Ig deposition has been reported to play an important role in the initiation of both acute and chronic rejection in animal models (2, 4, 22). In addition, CD40L-CD40 interaction is essential in germinal center formation, Ig isotype switching, B cell proliferation, and memory B cell formation (20). Therefore, we postulated that CD40 signaling and the development of chronic rejection may operate through activation of CD40 on B cells. To test this theory, donor hearts were transplanted into μMT mice, which lack mature B cells (23). As noted, the development of chronic rejection in these mice was not significantly different from that in wild-type control recipients. Larsen et al. reported that B cells are not required for acute allograft rejection, as indicated by the prompt rejection of μMT-deficient mice in a fully mismatched cardiac transplant model (28, 29). Although the identity of the recipient APCs involved in CAV has not been identified, our results illustrate that mature B cells are not required in this model. Furthermore, in this model, Ig deposition was not required for the initiation of CAV. Consequently, the rescue of lesion development with CD40-activating Ab may be mediated through the activation of other CD40+ APCs, probably macrophages or dendritic cells. Macrophages have been shown to be the key effector cells in CAV development (36, 37, 38), and dendritic cells are the most capable of priming T lymphocytes (39, 40).

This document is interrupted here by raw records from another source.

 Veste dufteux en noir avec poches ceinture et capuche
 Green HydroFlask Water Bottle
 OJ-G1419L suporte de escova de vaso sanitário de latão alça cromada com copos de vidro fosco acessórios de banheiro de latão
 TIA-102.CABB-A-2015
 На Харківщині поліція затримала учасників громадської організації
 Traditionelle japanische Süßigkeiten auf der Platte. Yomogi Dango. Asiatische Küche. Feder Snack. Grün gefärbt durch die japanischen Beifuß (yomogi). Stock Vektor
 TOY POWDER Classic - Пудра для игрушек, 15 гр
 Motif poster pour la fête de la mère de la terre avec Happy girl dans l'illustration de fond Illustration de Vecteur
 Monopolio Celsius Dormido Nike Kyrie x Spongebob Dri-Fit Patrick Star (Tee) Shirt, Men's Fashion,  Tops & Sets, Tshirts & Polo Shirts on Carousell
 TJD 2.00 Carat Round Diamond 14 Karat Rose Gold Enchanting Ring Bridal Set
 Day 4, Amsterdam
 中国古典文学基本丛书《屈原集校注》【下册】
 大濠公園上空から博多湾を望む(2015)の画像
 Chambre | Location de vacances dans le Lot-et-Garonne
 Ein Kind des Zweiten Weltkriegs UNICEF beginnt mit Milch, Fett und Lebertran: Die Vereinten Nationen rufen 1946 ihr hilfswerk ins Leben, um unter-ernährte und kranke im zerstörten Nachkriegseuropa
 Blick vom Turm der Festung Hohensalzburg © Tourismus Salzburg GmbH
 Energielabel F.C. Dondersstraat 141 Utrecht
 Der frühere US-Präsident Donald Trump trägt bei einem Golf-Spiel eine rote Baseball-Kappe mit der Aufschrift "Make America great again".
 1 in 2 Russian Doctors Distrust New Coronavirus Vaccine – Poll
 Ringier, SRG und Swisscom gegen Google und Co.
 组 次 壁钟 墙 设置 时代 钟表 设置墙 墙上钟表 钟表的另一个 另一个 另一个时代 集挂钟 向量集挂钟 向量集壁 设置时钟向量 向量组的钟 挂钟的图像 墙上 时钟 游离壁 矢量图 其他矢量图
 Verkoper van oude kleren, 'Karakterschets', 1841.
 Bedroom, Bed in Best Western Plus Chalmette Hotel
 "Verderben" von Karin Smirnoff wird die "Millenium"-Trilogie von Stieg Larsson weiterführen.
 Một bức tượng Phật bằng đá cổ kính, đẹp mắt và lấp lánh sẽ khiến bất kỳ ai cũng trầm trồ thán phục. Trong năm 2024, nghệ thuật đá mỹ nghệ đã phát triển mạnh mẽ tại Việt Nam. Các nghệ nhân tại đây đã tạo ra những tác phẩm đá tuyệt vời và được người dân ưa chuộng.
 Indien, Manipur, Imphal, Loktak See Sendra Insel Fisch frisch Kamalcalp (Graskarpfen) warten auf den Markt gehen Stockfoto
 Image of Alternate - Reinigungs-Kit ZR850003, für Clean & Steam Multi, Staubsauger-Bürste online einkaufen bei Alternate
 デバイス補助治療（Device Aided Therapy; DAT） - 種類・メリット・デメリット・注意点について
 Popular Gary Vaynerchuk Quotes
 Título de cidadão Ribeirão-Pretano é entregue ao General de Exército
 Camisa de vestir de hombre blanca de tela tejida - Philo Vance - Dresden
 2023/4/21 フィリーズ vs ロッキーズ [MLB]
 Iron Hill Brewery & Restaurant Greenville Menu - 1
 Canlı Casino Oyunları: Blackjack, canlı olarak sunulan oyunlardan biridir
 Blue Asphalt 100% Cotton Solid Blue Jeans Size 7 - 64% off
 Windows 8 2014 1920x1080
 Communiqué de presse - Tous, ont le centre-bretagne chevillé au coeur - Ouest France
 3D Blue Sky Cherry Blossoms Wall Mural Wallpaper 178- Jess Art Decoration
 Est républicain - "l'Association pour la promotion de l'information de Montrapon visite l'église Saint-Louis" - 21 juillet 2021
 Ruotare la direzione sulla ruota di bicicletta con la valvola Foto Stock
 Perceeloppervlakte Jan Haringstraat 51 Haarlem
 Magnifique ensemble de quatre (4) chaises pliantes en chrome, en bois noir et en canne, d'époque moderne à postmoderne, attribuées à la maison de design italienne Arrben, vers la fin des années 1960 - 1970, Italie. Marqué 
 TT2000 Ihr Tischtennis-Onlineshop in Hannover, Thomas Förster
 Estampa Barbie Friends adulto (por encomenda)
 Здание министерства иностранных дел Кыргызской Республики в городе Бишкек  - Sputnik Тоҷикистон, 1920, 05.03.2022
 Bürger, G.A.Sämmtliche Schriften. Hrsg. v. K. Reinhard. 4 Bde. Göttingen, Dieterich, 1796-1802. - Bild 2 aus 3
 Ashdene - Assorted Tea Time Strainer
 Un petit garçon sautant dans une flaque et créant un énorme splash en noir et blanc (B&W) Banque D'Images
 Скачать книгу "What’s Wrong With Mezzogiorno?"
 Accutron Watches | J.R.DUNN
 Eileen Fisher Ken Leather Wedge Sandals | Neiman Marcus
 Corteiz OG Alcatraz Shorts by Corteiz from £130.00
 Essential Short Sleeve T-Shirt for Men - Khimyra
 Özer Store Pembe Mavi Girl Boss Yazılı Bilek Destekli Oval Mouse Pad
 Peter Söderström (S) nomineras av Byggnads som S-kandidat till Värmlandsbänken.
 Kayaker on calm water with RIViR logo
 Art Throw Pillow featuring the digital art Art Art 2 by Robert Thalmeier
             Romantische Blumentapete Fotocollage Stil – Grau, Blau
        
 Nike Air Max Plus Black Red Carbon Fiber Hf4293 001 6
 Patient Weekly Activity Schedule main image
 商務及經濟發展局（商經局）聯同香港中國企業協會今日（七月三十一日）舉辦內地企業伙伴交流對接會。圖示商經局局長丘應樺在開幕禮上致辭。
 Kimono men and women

This study suggests that CD40L-CD40 signaling plays an important role in the pathogenesis of CAV in an MHC class II-mismatched model. Notably, in the B6.C-H2bm12 and C57BL/6 strain combination (MHC class II-disparate Ags), CAV development is absolutely contingent on CD4+ lymphocyte help. In contrast, CD40L blockade did not completely prevent CAV development in an MHC class I-mismatched model system. Interestingly, in the B10.A and B10.BR strain combination (MHC class I-disparate Ags), although CD4+ lymphocytes participate in the pathogenesis of CAV, CD8+ lymphocytes can initiate CAV development independently of CD4+ lymphocyte help (44). Using a fully mismatched aortic graft model, Ensminger et al. have recently reported that CD8+ lymphocytes contribute to CAV development despite CD40L blockade (16). Only combination therapy with both anti-CD8+ lymphocyte-depleting Ab and CD40L-blocking Ab resulted in a significant reduction in CAV development. Jones et al. have also recently demonstrated that CD8+ lymphocytes can become activated, proliferate, and be recruited to cardiac allografts despite CD40L blockade (17). Taken together, these findings suggest that CD40L-CD40 interaction is an important signaling pathway when CD4+ lymphocyte help is absolutely required. In donor-recipient combinations, where disparate Ags are strong enough to stimulate CD8+ lymphocytes independent of CD4+ lymphocyte help, CD40L-CD40 signaling may not be required. CD8+ lymphocytes may use alternative costimulatory molecules, including ICOS, 4-1BB, and ICAM-1 (41, 42, 43). These findings have important clinical significance, suggesting that combination therapy (CD40L and CD8+ lymphocyte blockade) may be necessary for the prevention of chronic rejection.

In conclusion, this study on CAV provides new insights into the helper role provided by CD4+ lymphocytes, suggesting the importance of CD40L-CD40 signaling in an MHC class II-mismatched model. Current immunosuppressive regimens in clinical use fail to prevent chronic rejection, the major obstacle to long term patient survival. Improved understanding of the mechanism by which CD40L-CD40 signaling promotes chronic rejection may identify more specific targets for immunologic manipulation. Ultimately, this knowledge will assist in the development of novel treatment strategies for CAV and chronic rejection in other solid organ transplants.

2

Abbreviations used in this paper: CAV, cardiac allograft vasculopathy; CD40L, CD40 ligand; RAG, recombinase-activating gene.